Day 1 - Koala Day


My first day at the Great Ocean walk began with the visit in a Koala reserve. In the morning, they are a bit more active, as they have not eaten in the night. So the go for the next mouthful of gumtree leaves. This more southerly form is generally larger than the Queensland type and here, ones finds lots of them - they are all around in the trees. Some will even move! ;-)

The area is not fenced or something of that kind, still the Koalas are somewhat locked in. As they feed on toxic eucalypt leaves which also are poor in nutrition. They simply cannot jump around burning calories they wouldn't get back - they need to sleep for most of the day. Even more, they controll their metabolism by selecting different species of trees, so they need to travel somewhat to get what they need. Now the problem is the agriculture all around. Koalas cannot travel across the pastures so they need to stay in too small areas providing the required selection of gum trees. This results not only in in-breeding, it also harms the trees, heavily suffering from overgrasing. Australian forrests and woodlands are generally much lighter than the ones one is used to in Europe, but here, one does not get shadow at all anymore. To solve that problem, one needed to link the suitable spots, but that's difficult where ever you go. In Australia, one may add the problem of huge distances. It certainly helps the Koala to look so incredibly cute - it makes it easier to motivate people to support them.

Koala Overgrased gumtrees

Anyway, on this little spot one finds Koalas everywhere - but seldom outside the area. In fact, the population is more dense than in some sanctuaries one may visit. And if one hears impressive calls - that's the males looking for a chance to add one more joey to the population.

Phascolarctos cinereus Phascolarctos cinereus
little graveyard near Otway lighthouse

The day continues at cape Otway and it's lighthouse. In previous times, it was the home of the lighthouse keeper and his family. They had a hard time there, and one comes across a number of graves of little children before reaching the shoreline.

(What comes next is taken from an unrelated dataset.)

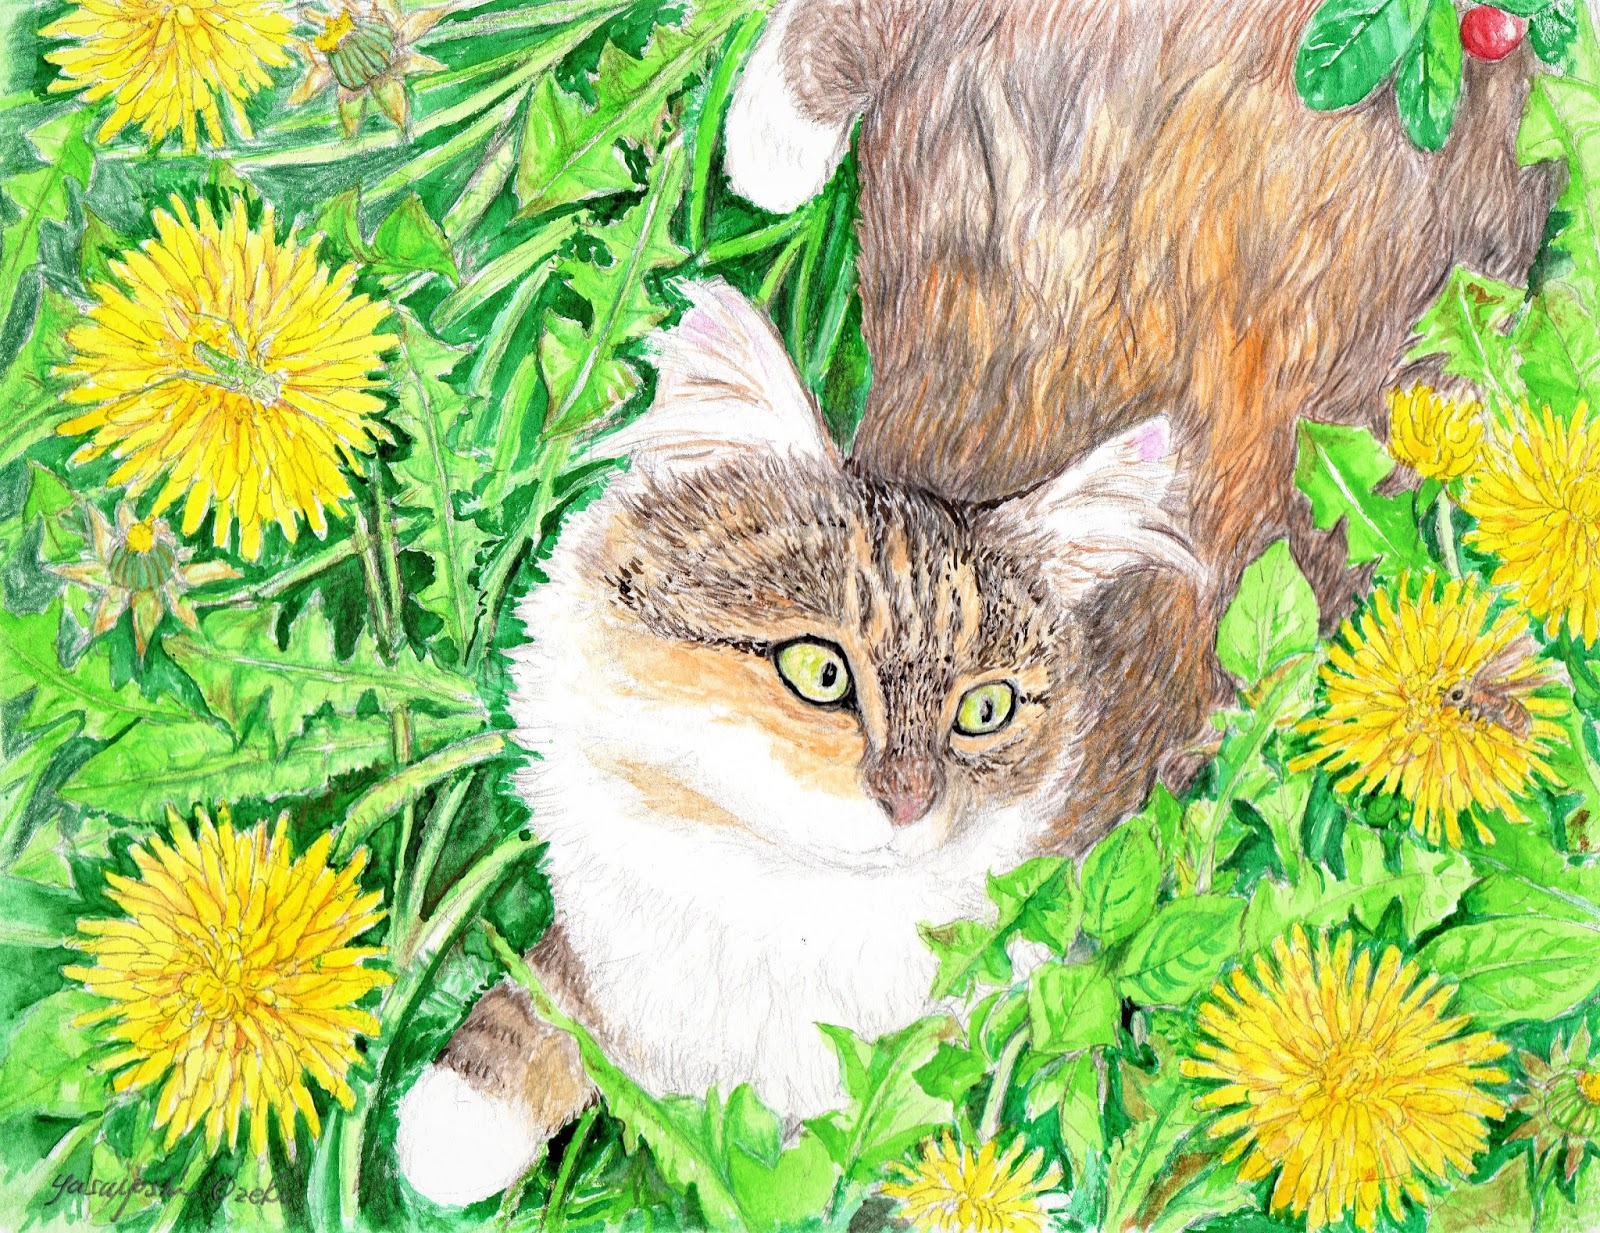 やっちゃんのネコと動物イラスト: ノルウェー猫(ノルウェージャン
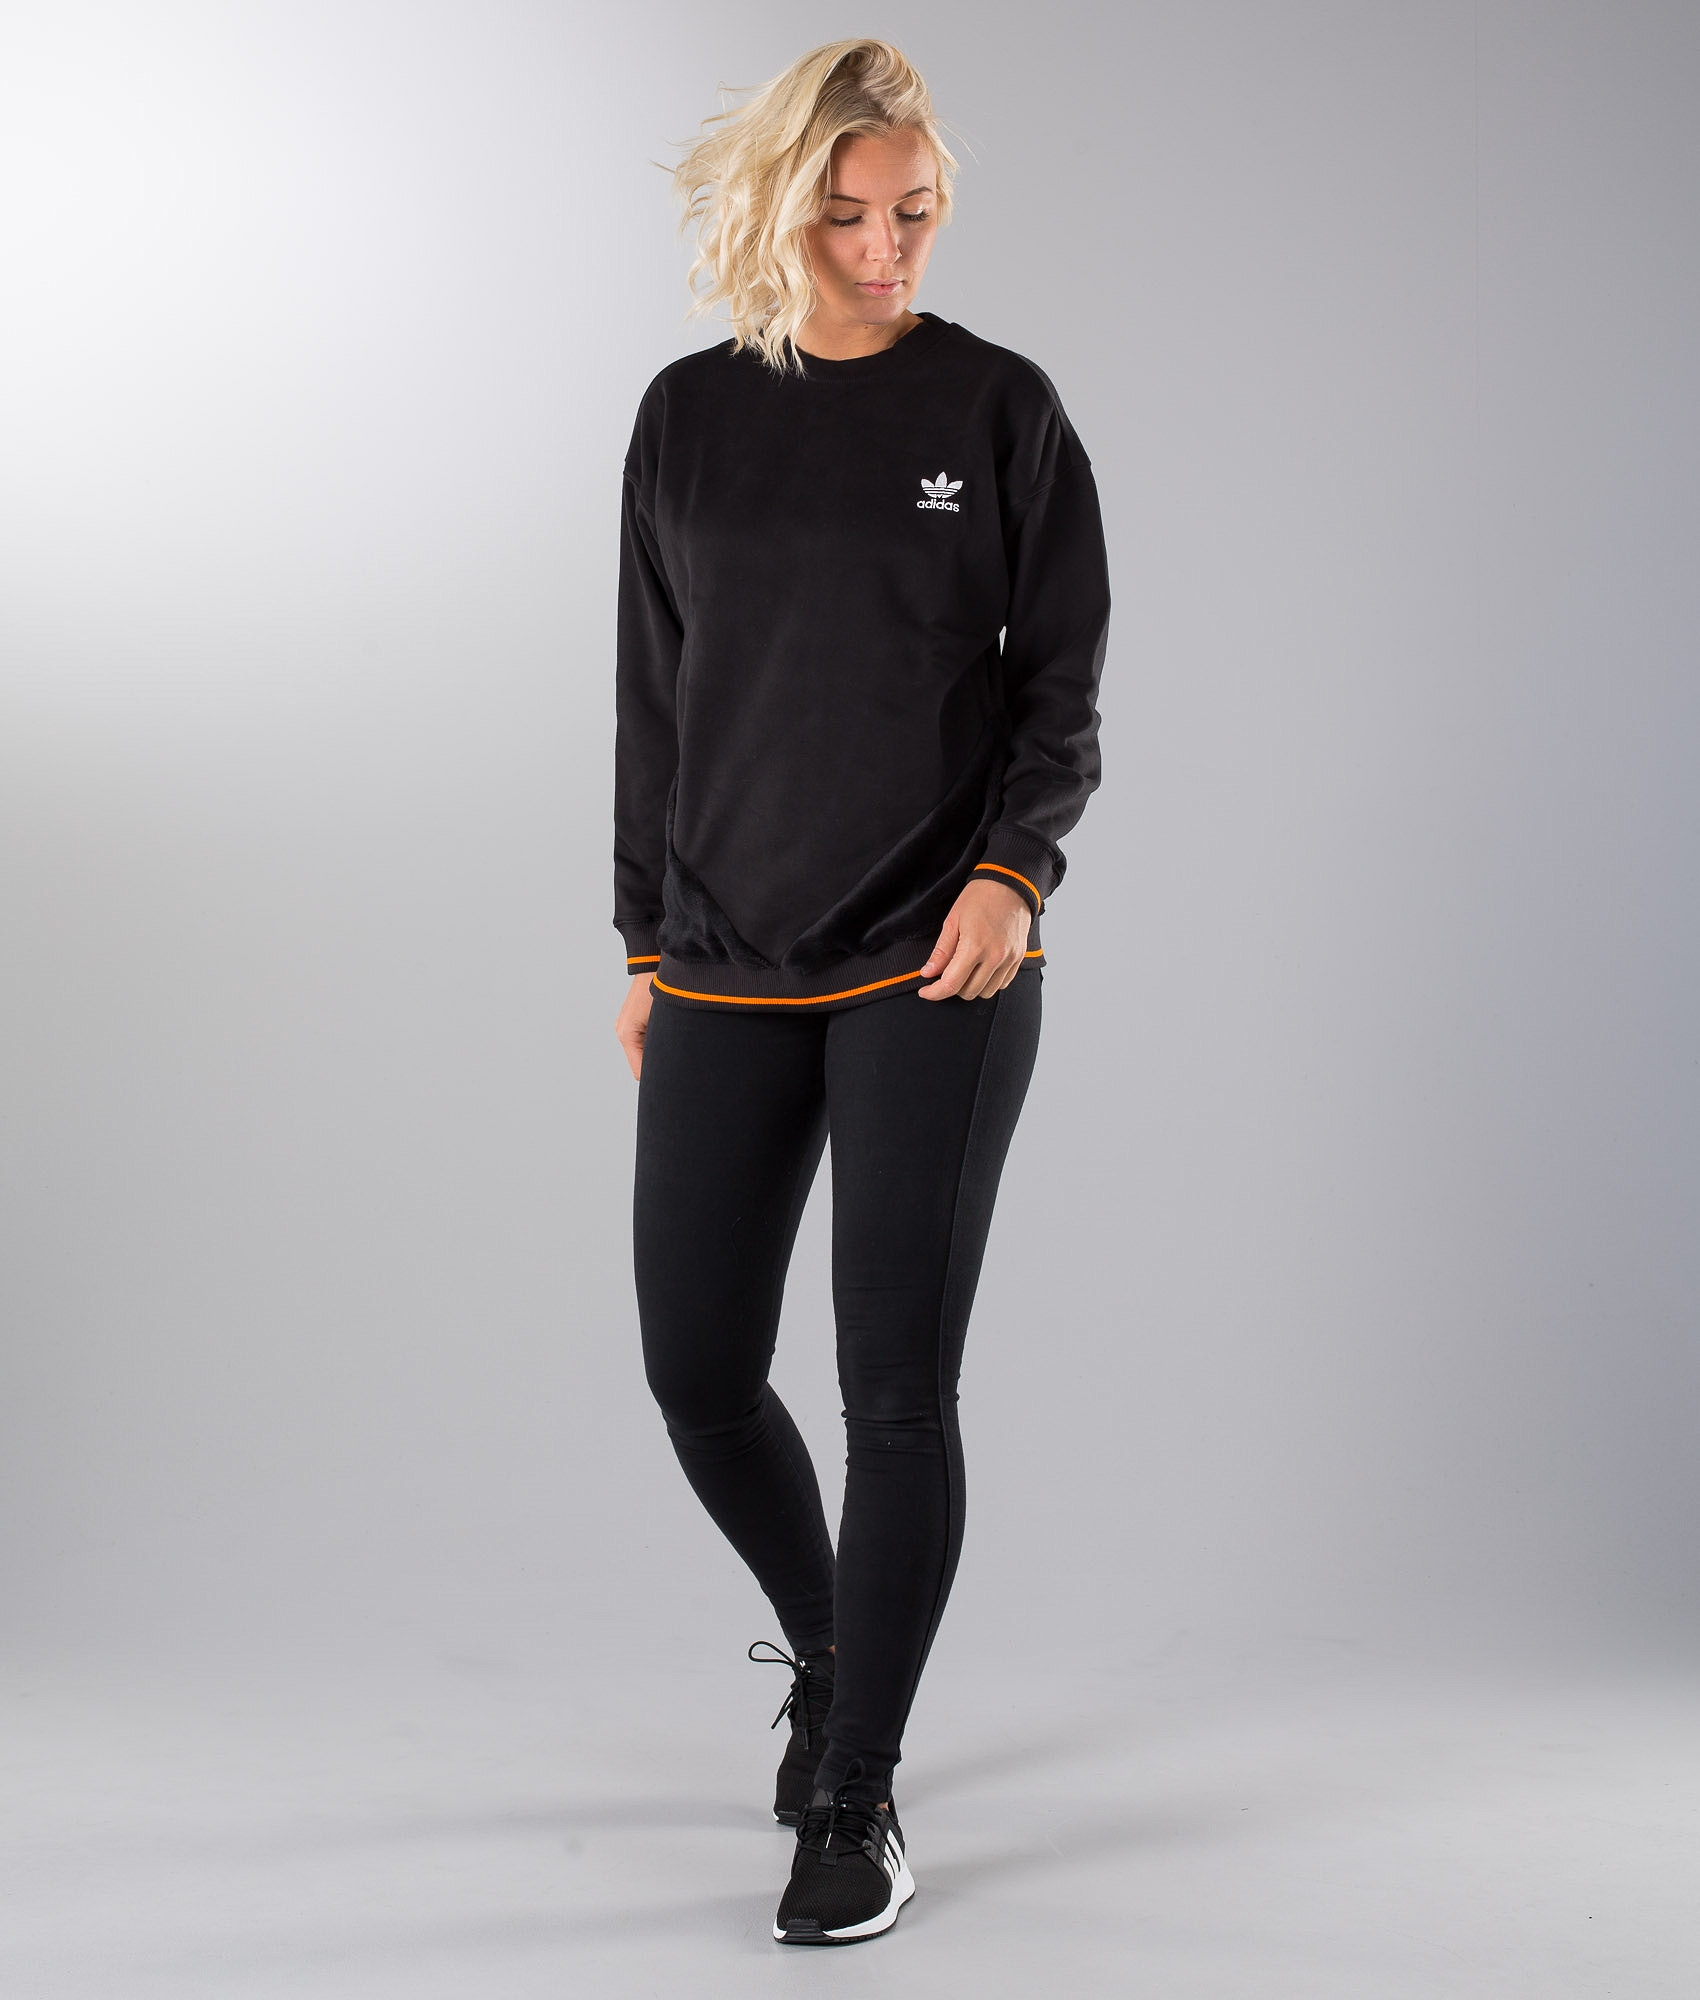 aa01b428a7931 Adidas Originals Colorado Sweater Black - Ridestore.com

South Pacific Ocean shoreline

hinking track

The track is always signposted - one does not need a guide to find one's way around. Still, I found it better fun - at least for a foreign tourist like me. One certainly doesn't need everything provided - I, for example would have loved to skip that cultic streching exercise that has no proved physical effect. But it's so enjoyable to get first-hand information, to care about absolutely nothing. We had different people joining the walk every day. So sometimes, we were 4, sometimes more than 10. But still when we were many, the group streched and one could follow it's own personal style - chatting with many or alone in total silence. And the always changing, always thrilling track with the great views across the ocean were the same for everyone.